Our algorithm for swap regret implies faster convergence to \eps-Correlated Equilibrium (\eps-CE) in several regimes: For normal form two-player games with n actions, it implies the first uncoupled dynamics that converges to the set of \eps-CE in polylogarithmic rounds; a polylog(n)-bit communication protocol for \eps-CE in two-player games (resolving an open problem mentioned by [Babichenko-Rubinstein STOC'2017, Ganor-CS APPROX'18, Goos-Rubinstein FOCS'2018}; and an $O(n)$-query algorithm for \eps-CE (resolving an open problem of [Babichenko 2020] and obtaining the first separation between \eps-CE and \eps-Nash equilibrium in the query complexity model). For extensive-form games, our algorithm implies a PTAS for normal form correlated equilibria, a solution concept widely conjectured to be computationally intractable (e.g. [Stengel-Forges MOR'08, Fujii'23]). 

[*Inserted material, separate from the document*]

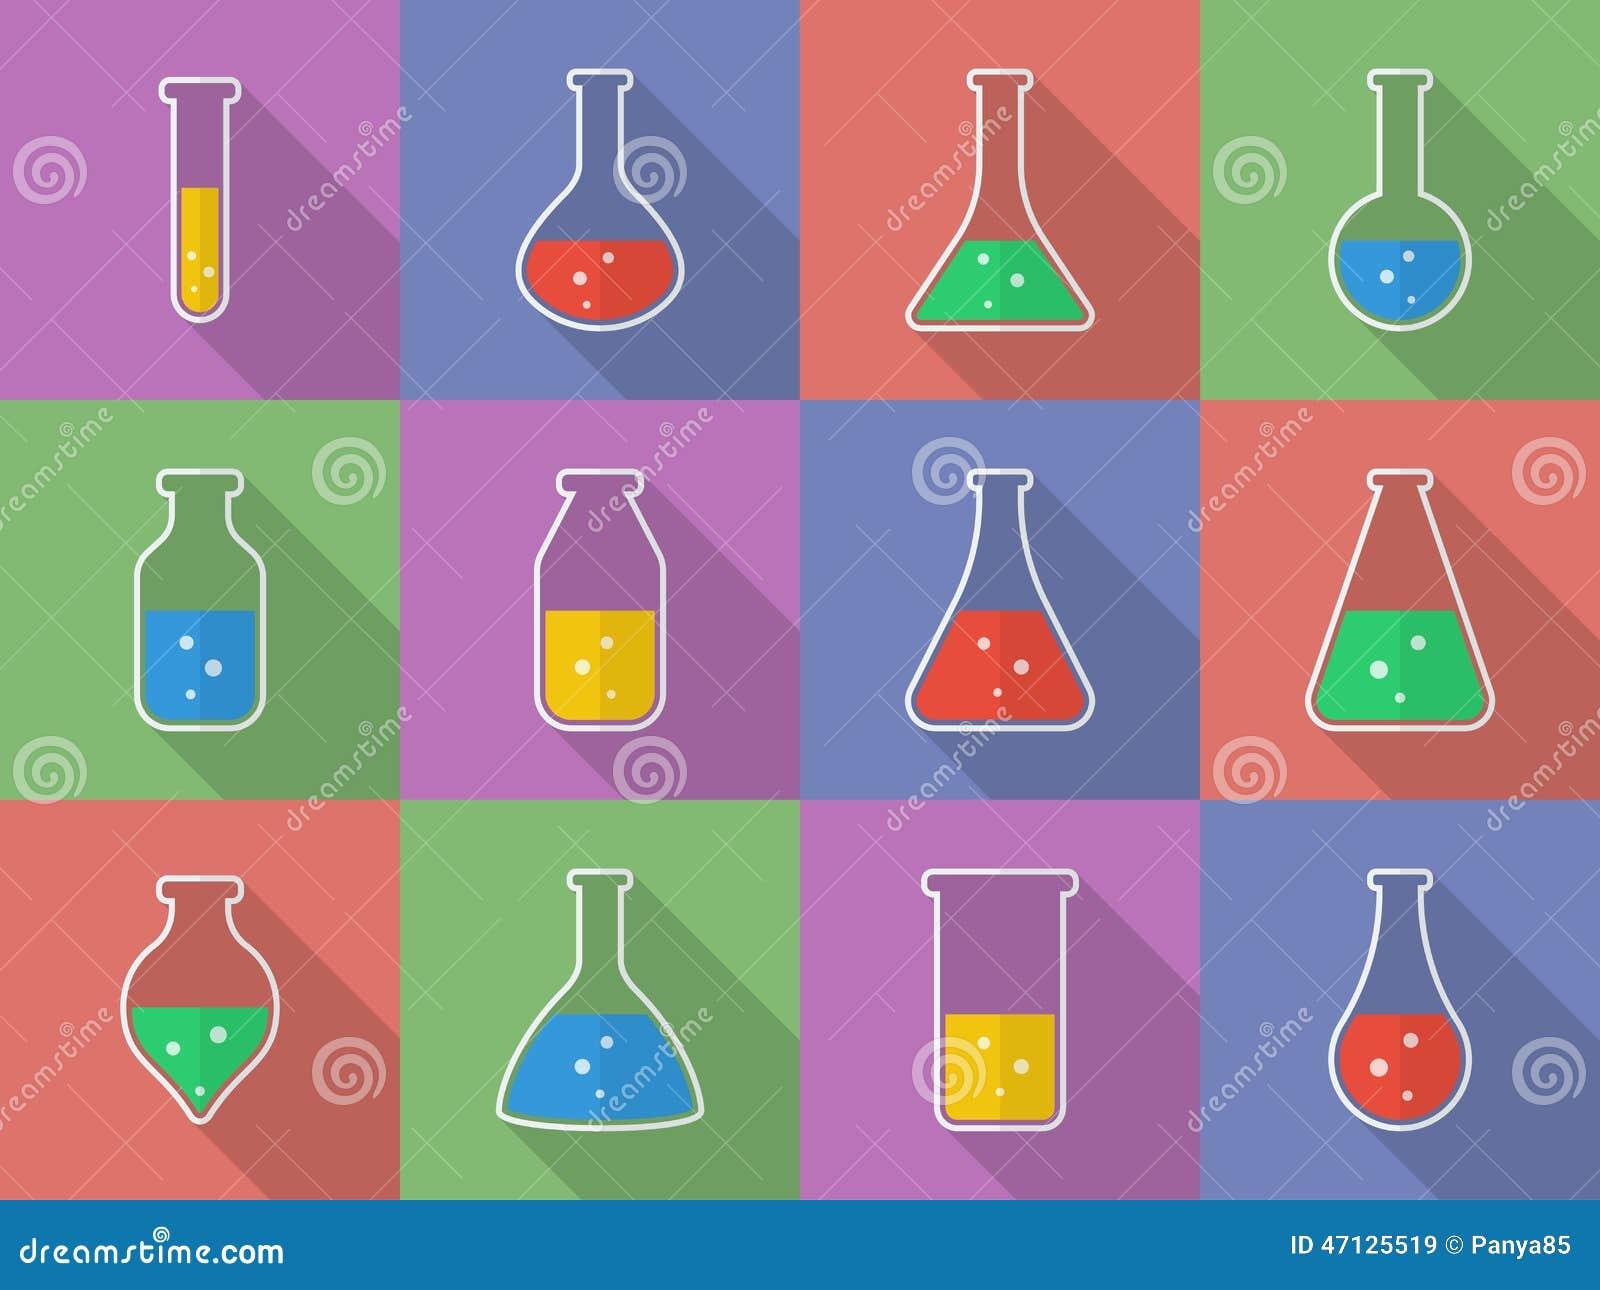 Химикат, лабораторное оборудование биологической науки - пробирки и значки склянок

Based on joint work with Aviad Rubinstein

Short Bio:

Binghui Peng recently obtains his Ph.D. from Columbia University, advised by Christos Papadimitriou and Xi Chen. Previously, he studied Computer Science with the Yao Class in Tsinghua. He studies the theory of computation and develops algorithms and complexity theory for machine learning, artificial intelligence and game theory. His research works have addressed long-standing questions in learning theory and game theory, and his research papers were published in theory conferences (STOC/FOCS/SODA; in the latter he has best student paper award) and ML conferences (NeurIPS/ICLR/ACL).